**EXERCISE**
Retype all the records below exactly as they are, with no image carried over.

**TASK INPUTS**
*** Block opens ***

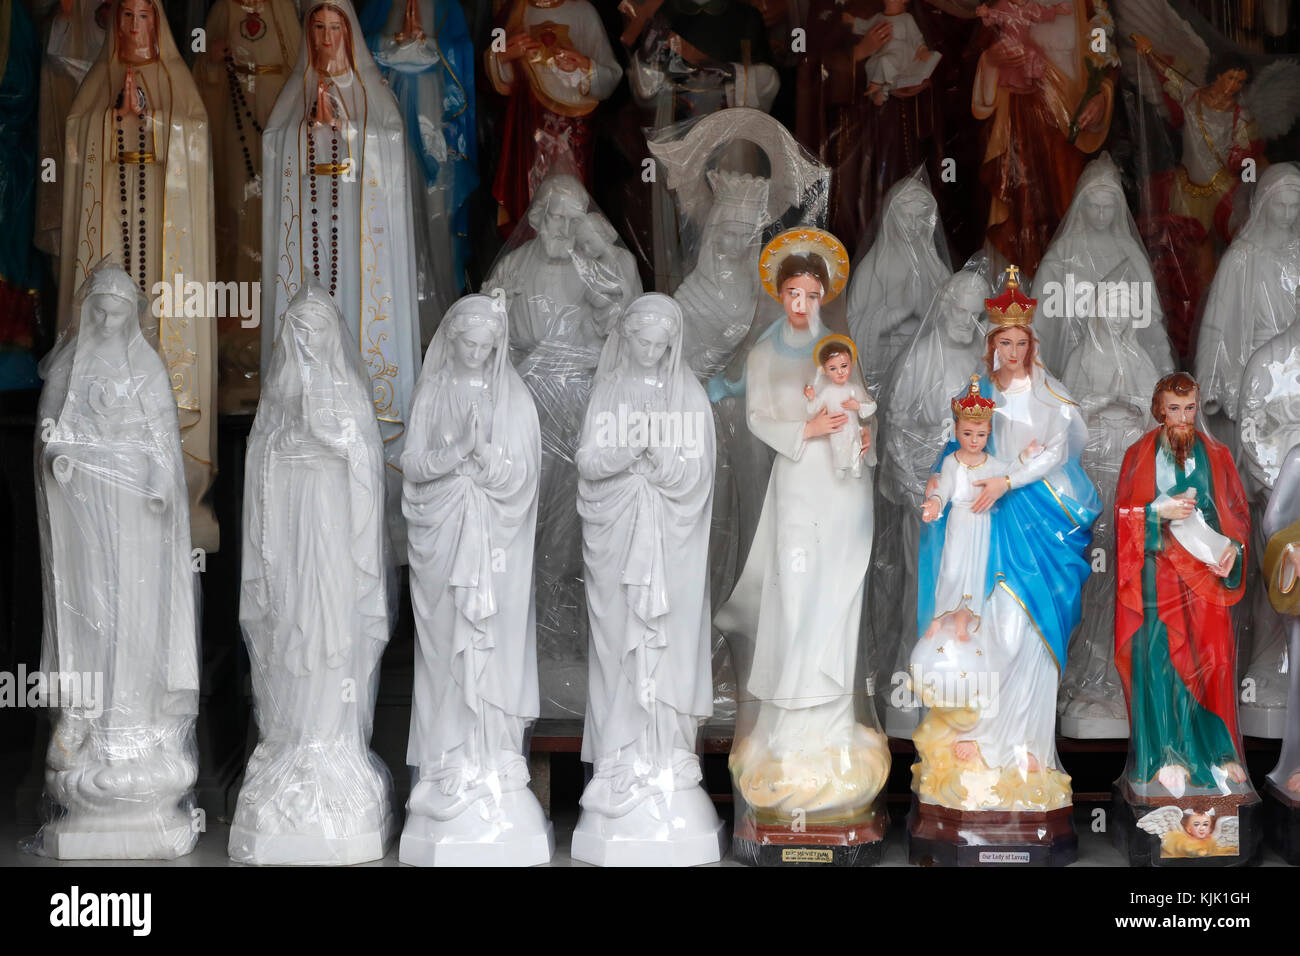 Magasin de vente d'articles religieux chrétiens. Sainte Vierge des statues. Ho Chi Minh Ville. Le Vietnam. Banque D'Images
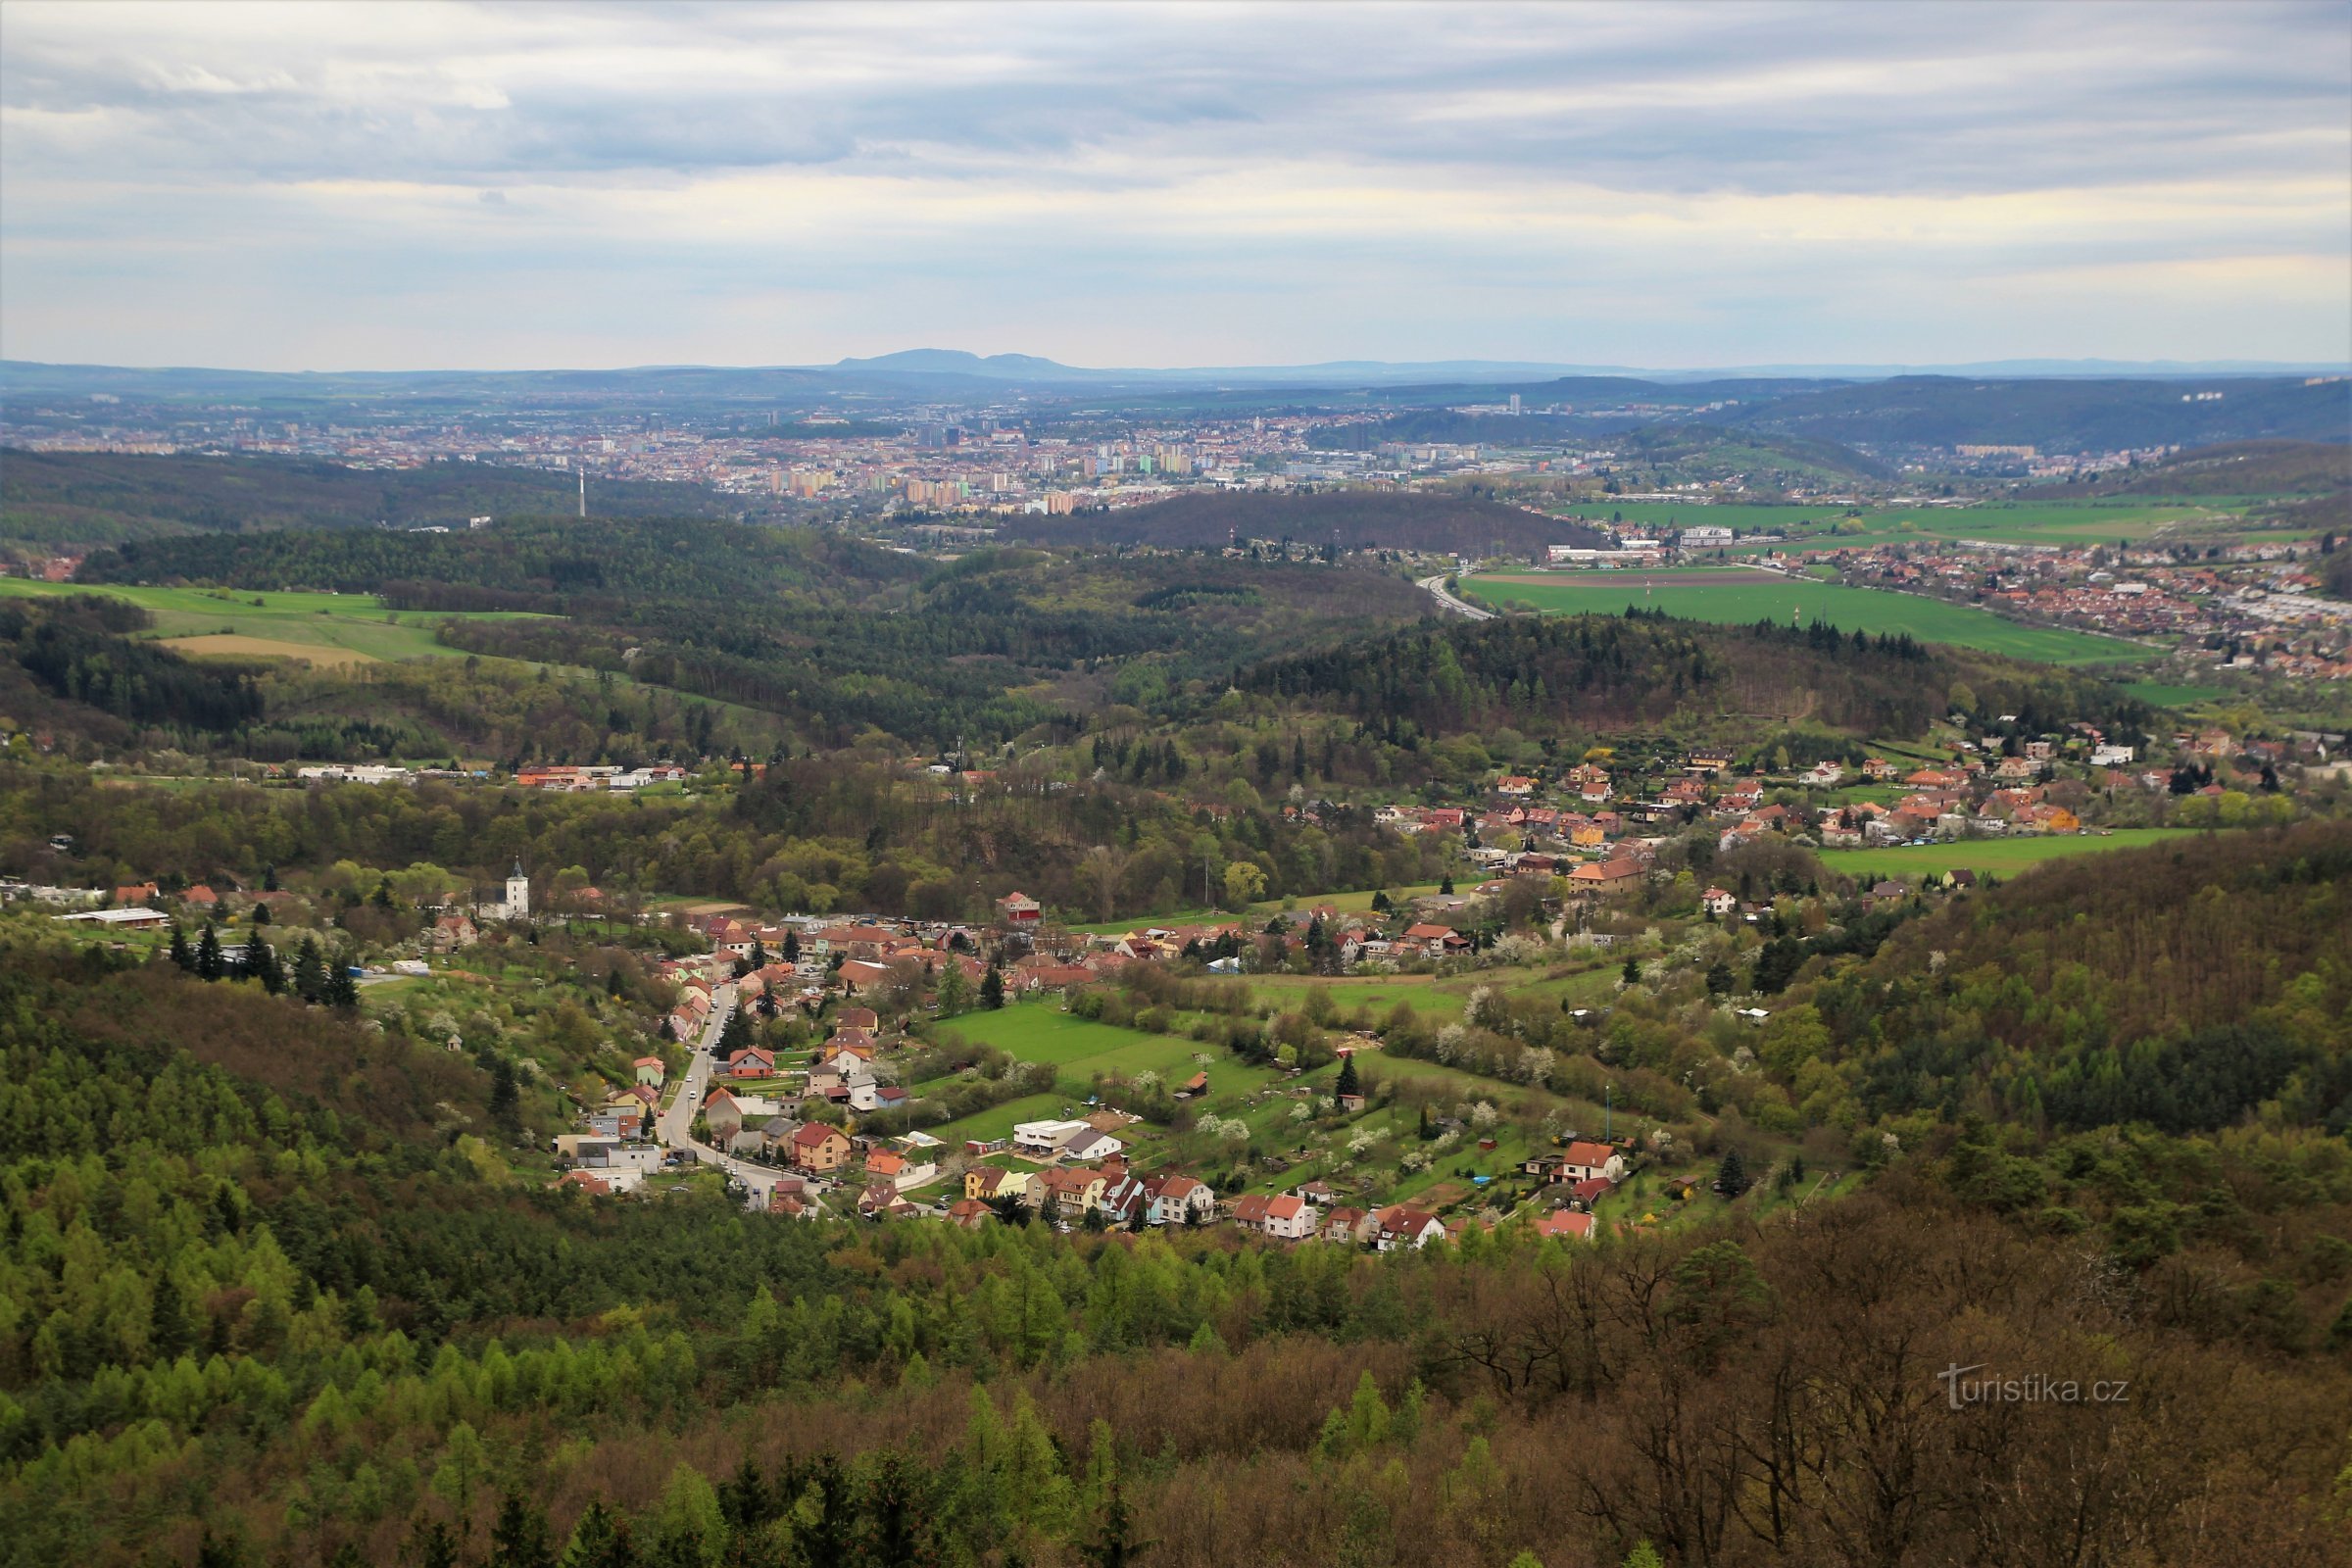 Θέα προς το Μπρνο, στο πρώτο πλάνο βρίσκεται το Lelekovice, στο βάθος η κορυφογραμμή της Pálava στον ορίζοντα
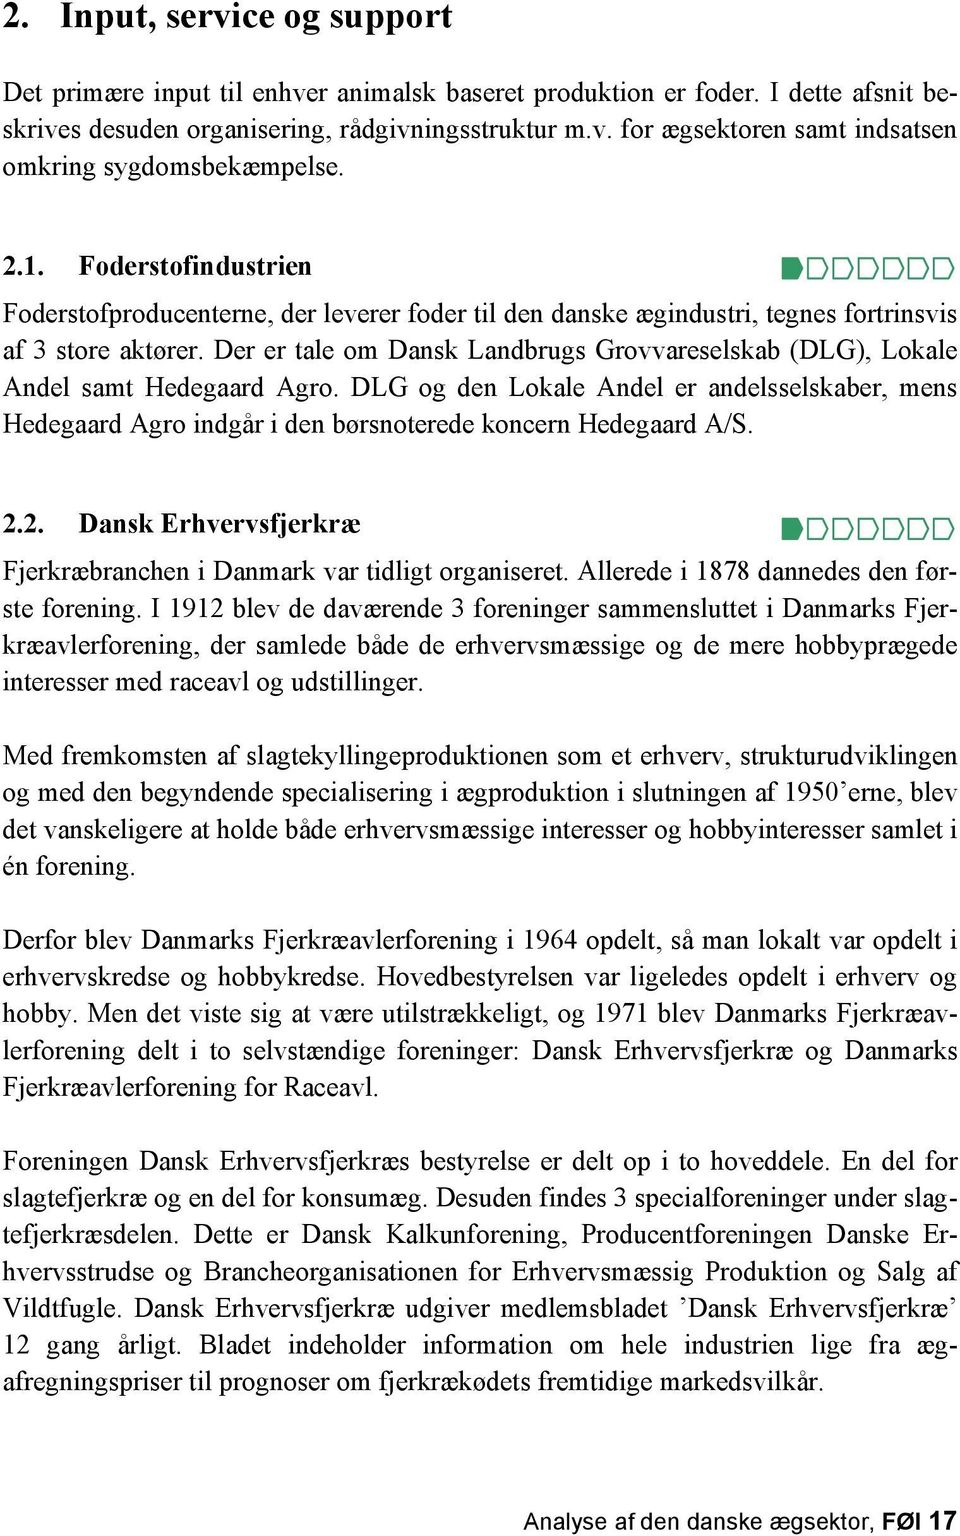 Der er tale om Dansk Landbrugs Grovvareselskab (DLG), Lokale Andel samt Hedegaard Agro. DLG og den Lokale Andel er andelsselskaber, mens Hedegaard Agro indgår i den børsnoterede koncern Hedegaard A/S.
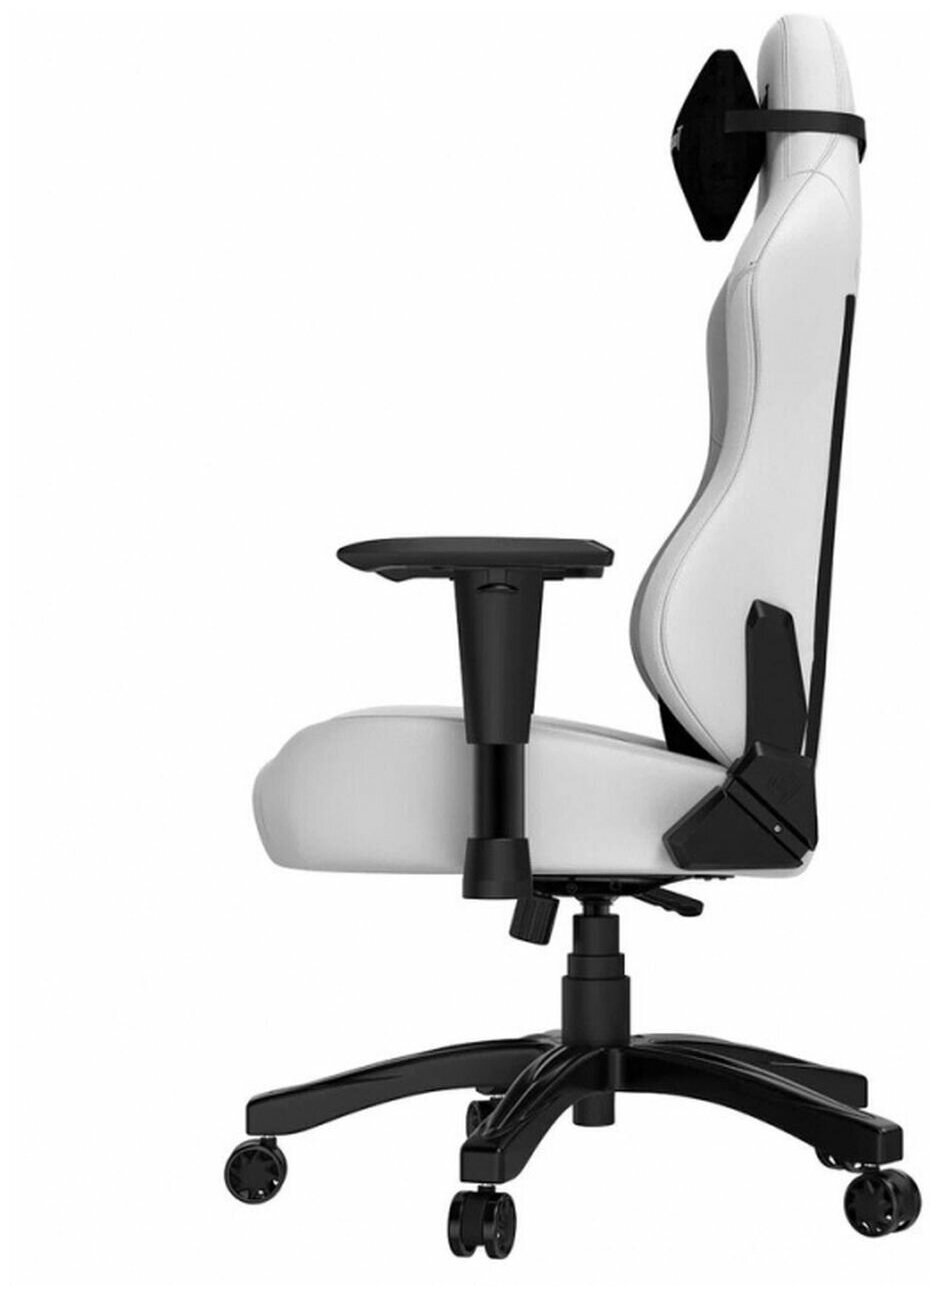 Компьютерное кресло Anda Seat Phantom 3 L игровое, обивка: искусственная кожа, былое (cloudy white) - фотография № 6
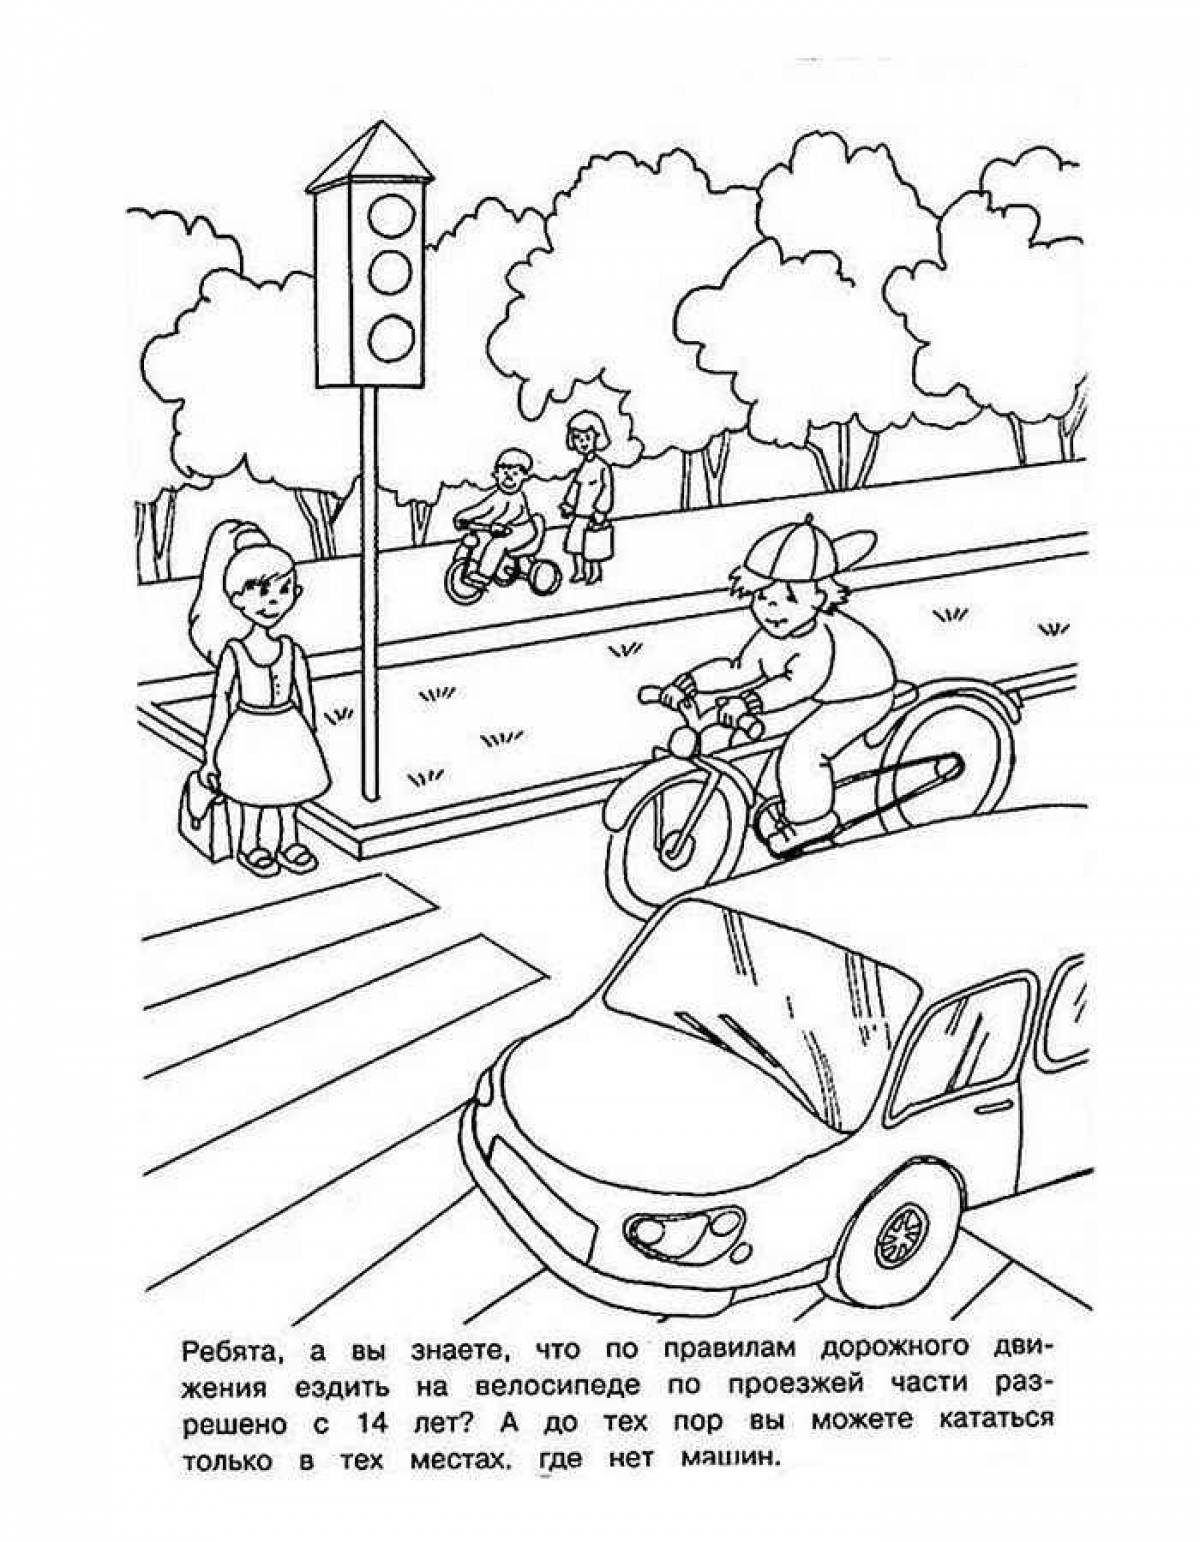 Traffic rules for schoolchildren #3

*** Block closes ***

**THE ANSWER**
 Magasin de vente d'articles religieux chrétiens. Sainte Vierge des statues. Ho Chi Minh Ville. Le Vietnam. Banque D'Images
 Θέα προς το Μπρνο, στο πρώτο πλάνο βρίσκεται το Lelekovice, στο βάθος η κορυφογραμμή της Pálava στον ορίζοντα
 Der er tale om Dansk Landbrugs Grovvareselskab (DLG), Lokale Andel samt Hedegaard Agro. DLG og den Lokale Andel er andelsselskaber, mens Hedegaard Agro indgår i den børsnoterede koncern Hedegaard A/S.
 Компьютерное кресло Anda Seat Phantom 3 L игровое, обивка: искусственная кожа, былое (cloudy white) - фотография № 6
 Traffic rules for schoolchildren #3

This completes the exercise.